I’m trying to run the pix2struct-widget-captioning-base model. (link)
When I am executing it like described on the model card, I get an error: “ValueError: A header text must be provided for VQA models.”
I think the model card description is missing the information how to add the bounding box for locating the widget, the description just says it should be the same as for pix2struct-textcaps-base, which I don’t think is the case.
Any idea how to add this information?
I’m quite new to using HuggingFace models.
Currently I manually draw bounding boxes inside the image using an image editing tool. But I’m getting the same prediction no matter where I draw the bounding box, so I’m not sure if the model is working.
Below is my code:
import requests
from PIL import Image
from transformers import Pix2StructForConditionalGeneration, Pix2StructProcessor
model = Pix2StructForConditionalGeneration.from_pretrained("google/pix2struct-widget-captioning-base")
processor = Pix2StructProcessor.from_pretrained("google/pix2struct-widget-captioning-base")
image = Image.open("/path/to/image.png")
inputs = processor(images=image, text="", return_tensors="pt")
predictions = model.generate(**inputs)
print(processor.decode(predictions[0], skip_special_tokens=True))
No, I couldn’t figure it out. I was checking the original google pix2struct github repo a bit, but didn’t find an example. Otherwise I’m not sure how to investigate further. Would be happy to see the solution.
the model u are using is a captioning model, thus it will generate a caption for an image, so drawing a bounding box should not normally change the caption of the image - therefor u get the same prediction
Hi doc2txt,
like the name of the model also implies it is a widget captioning model, we need to provide a bounding box, and the part of the image withing the bounding box gets captioned.

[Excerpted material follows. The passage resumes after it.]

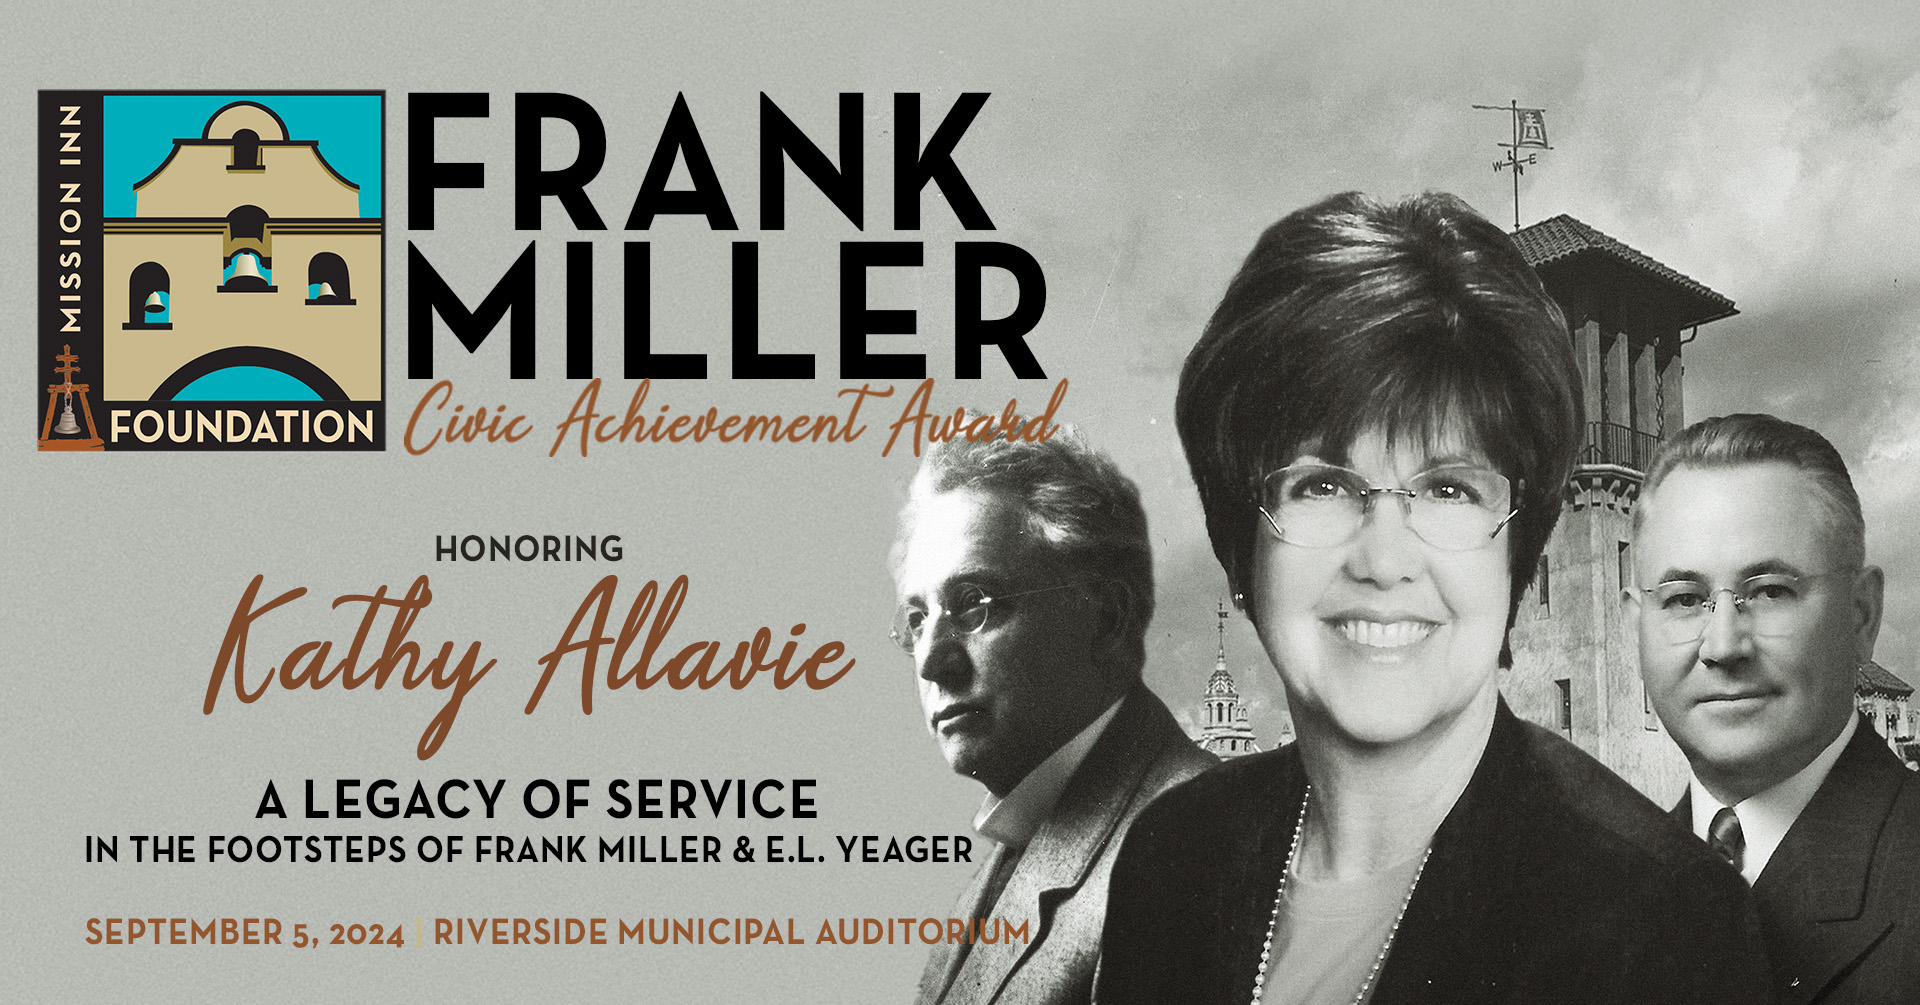 Poster for the Frank Miller Civic Achievement Award

See the paper about pix2struct https://arxiv.org/pdf/2210.03347.pdf, page 6:
“Widget Captioning (Li et al., 2020b) is an image captioning task where the input is an app screenshot annotated with
a single bounding box denoting a widget (e.g. a button or
a scroll bar). The caption describes the functionality of the
widget (e.g. find location). VUT (Li et al., 2021b), the current SotA uses a specialized UI encoder combining images,
bounding boxes, and view hierarchies. Pix2StructLarge improves the SotA CIDEr from 127.4 to 136.7.”